As a starting point, a section - 640 acres with 16 producing wells - was selected for analysis. Within the section, three wells were selected for detailed modeling. Selection criteria included location across the section and rate profile differences. Initially, single-well, 40-acre models were used and fine-tuned to honor the first 2 years of each well's producing history (pressure and rate). As is the case with most tight gas wells, the performance of each single-well model proves highly sensitive to permeability and fracture half-length. Based on three wells, these key parameters were mapped across the entire section and used to generate a 16-well, single-layer model. A first-pass forecast was run for all wells and compared to actual behavior.
The frac half lengths were then estimated from the treatment volumes using single-well models, which are much easier and quicker to work with, ultimately producing a predictive model in much less time than modeling this same system using traditional methods. The performance was decent for replicating the behavior of the wells but not deemed acceptable for selecting locations.
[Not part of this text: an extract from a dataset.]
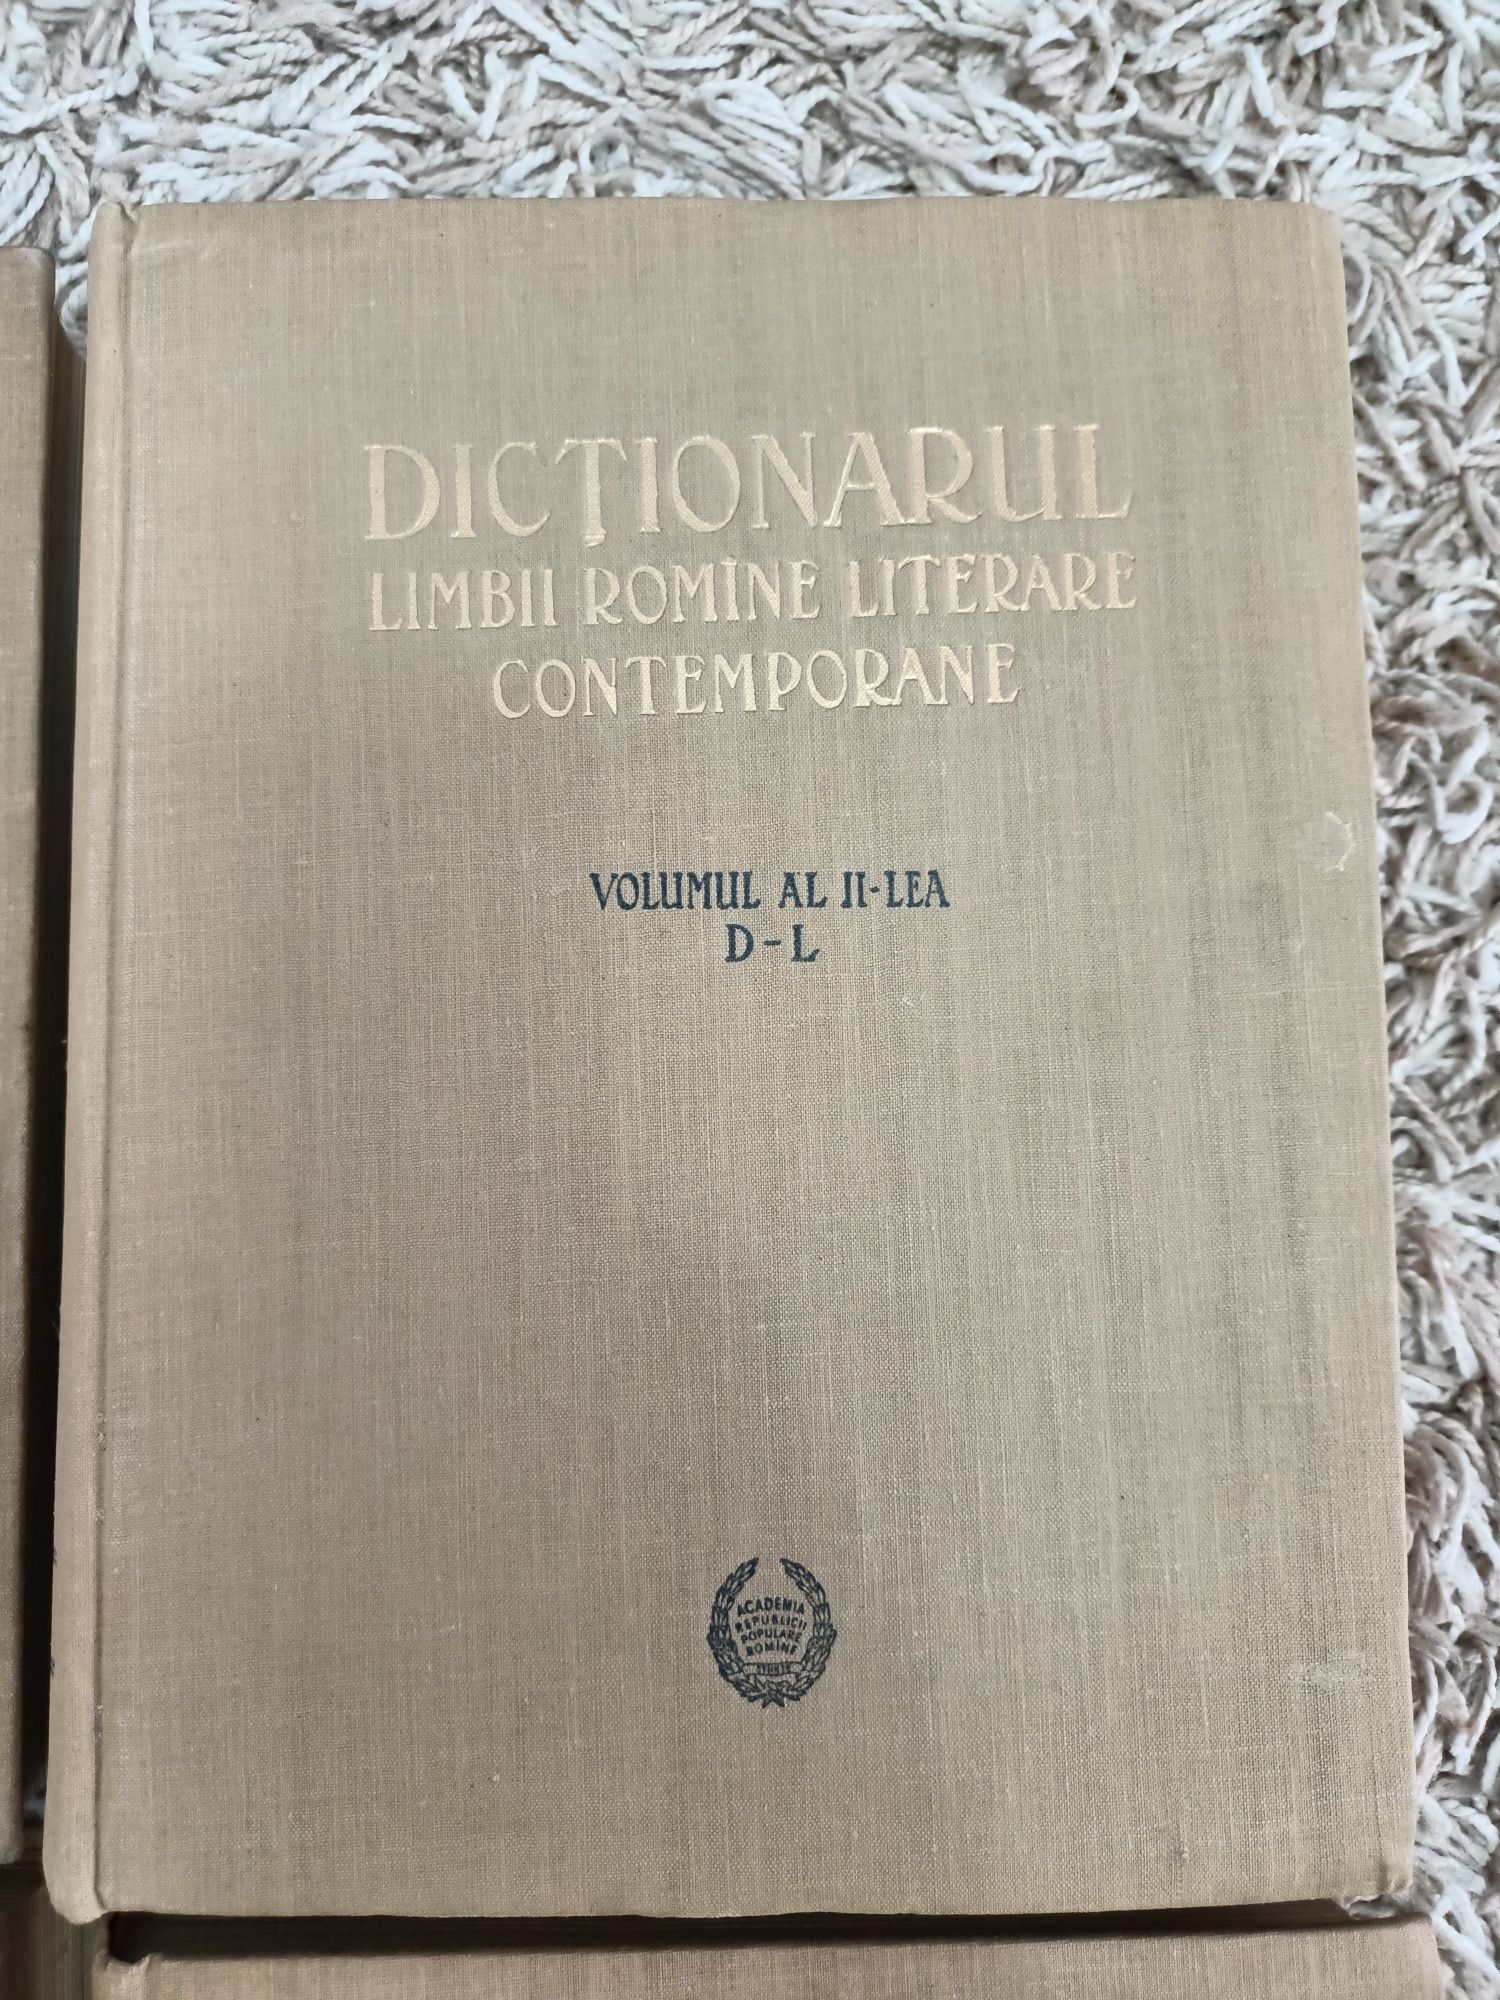 Dictionarul Limbii Romane Literare Contemporane Editat in 1955
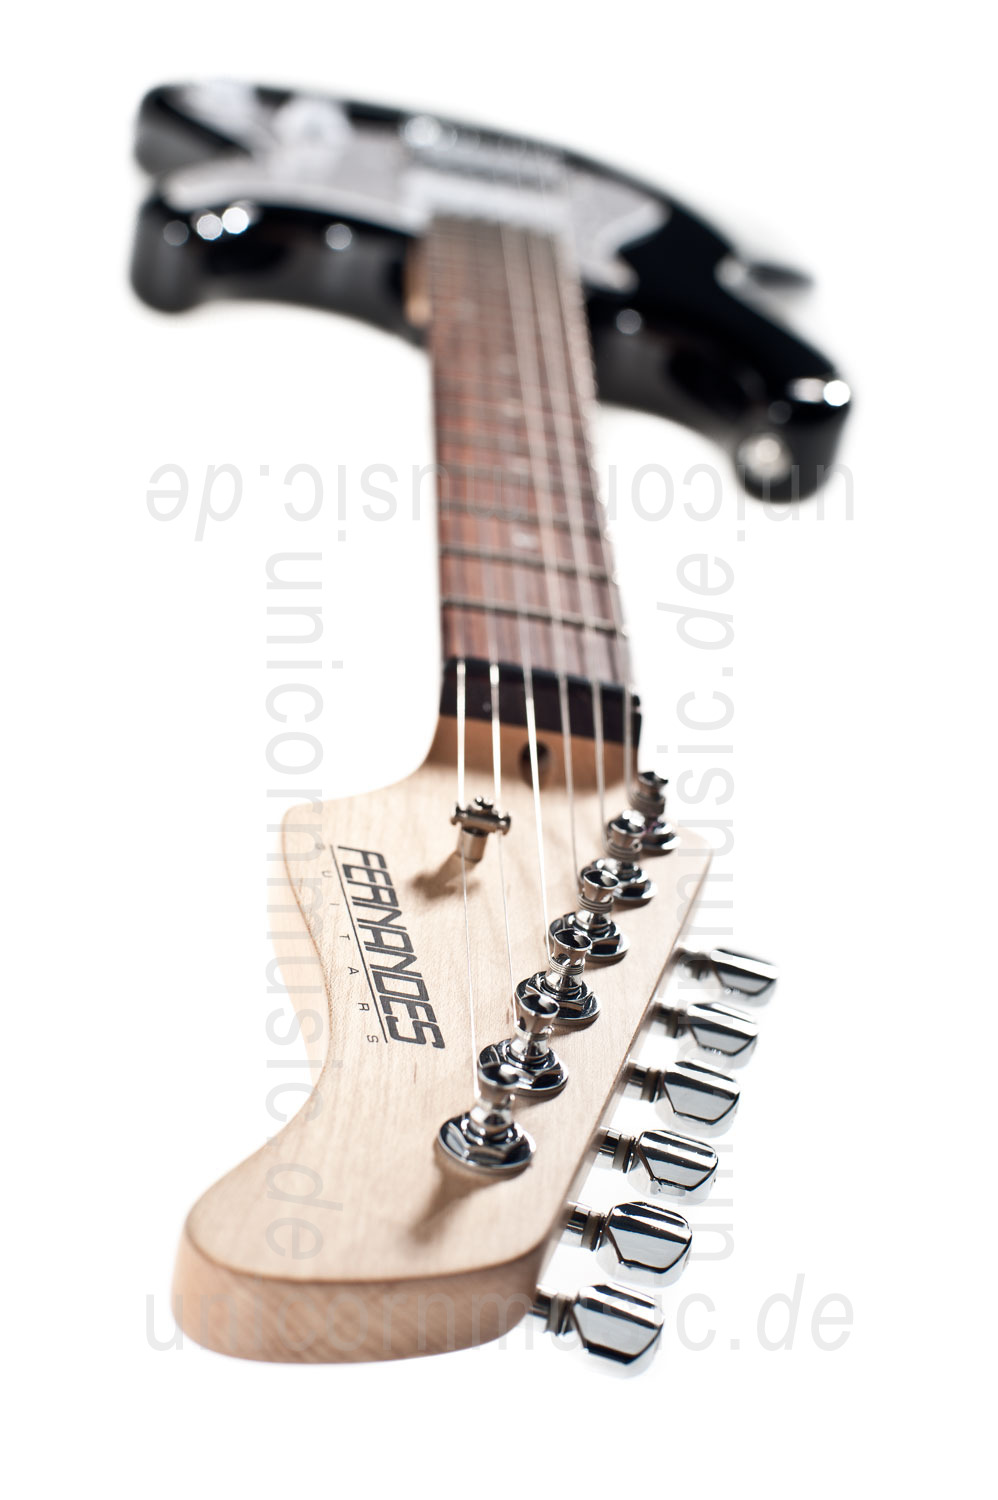 zur Artikelbeschreibung / Preis E-Gitarre FERNANDES RETROROCKET X - SSH Version - Black

For further refinement and to increase confidence in the predictive nature of the model, two additional wells were studied individually, and the key parameters were fine-tuned. Now, based on five single-well models over a 640-acre section, a revised permeability map was generated. The 16-well model was calibrated based on the change in properties. Additional forecasts were generated and compared to actual performance. At this point the model honored both the initial production as well as the late-life production (which indicates no significant influence from offset wells).
Armed with the confidence of a 16-well predictive model, which was based on detailed models for five of the 16 wells, it was time to analyze the virtual wells. Using automatically generated mesh without regridding, new wells were inserted at various locations. Multiple forecasts were generated for comparison and to optimize future well placement. This efficiency of both technology and process can by applied to wells previously untouched by comparable analytics. The high resolution of reservoir/wellbore connection allows increased detail in understanding key parameters such as permeability and effective half-length. In this case, well placement was improved dramatically by discovering that down-spacing to 20-acre units was the way to go (but only across half of the section). Gaining an accurate picture of the reservoir in a short period of time positioned the team to select optimal well locations, ultimately reducing the total number of wells required to sweep the zone. Increased understanding of the reservoir optimizes recovery and influences future development decisions.

The economic impact
Exploration and mature asset exploitation have held very different meanings to the oil and gas industry over the years.
However, the technology and process outlined above bring a much higher level of sophistication to a group of assets that have traditionally foregone this step for a large percentage of operators. Separating the performance of the rock and the completion brings success in the form of lower expenditure and higher return. Put another way, understanding the interaction between rock and the well allows lower cost coupled with higher recoveries. The example outline above saved eight wells in just one section. In today's commodity price environment, these eight wells could be used to increase production elsewhere. Drilling rigs are difficult to obtain, so every well bore must count.
Higher gas prices got us to this point. Better technology could take us where we need to go without burdening operators' organizations. It is time to interpret the pressure data as closely as the seismic or log data. Breakthrough technology essential to successful exploration in tight gas environments will allow companies to make decisions and establish best practices about drilling and completion strategies by rapidly combining geological, reservoir and near well/near frac properties.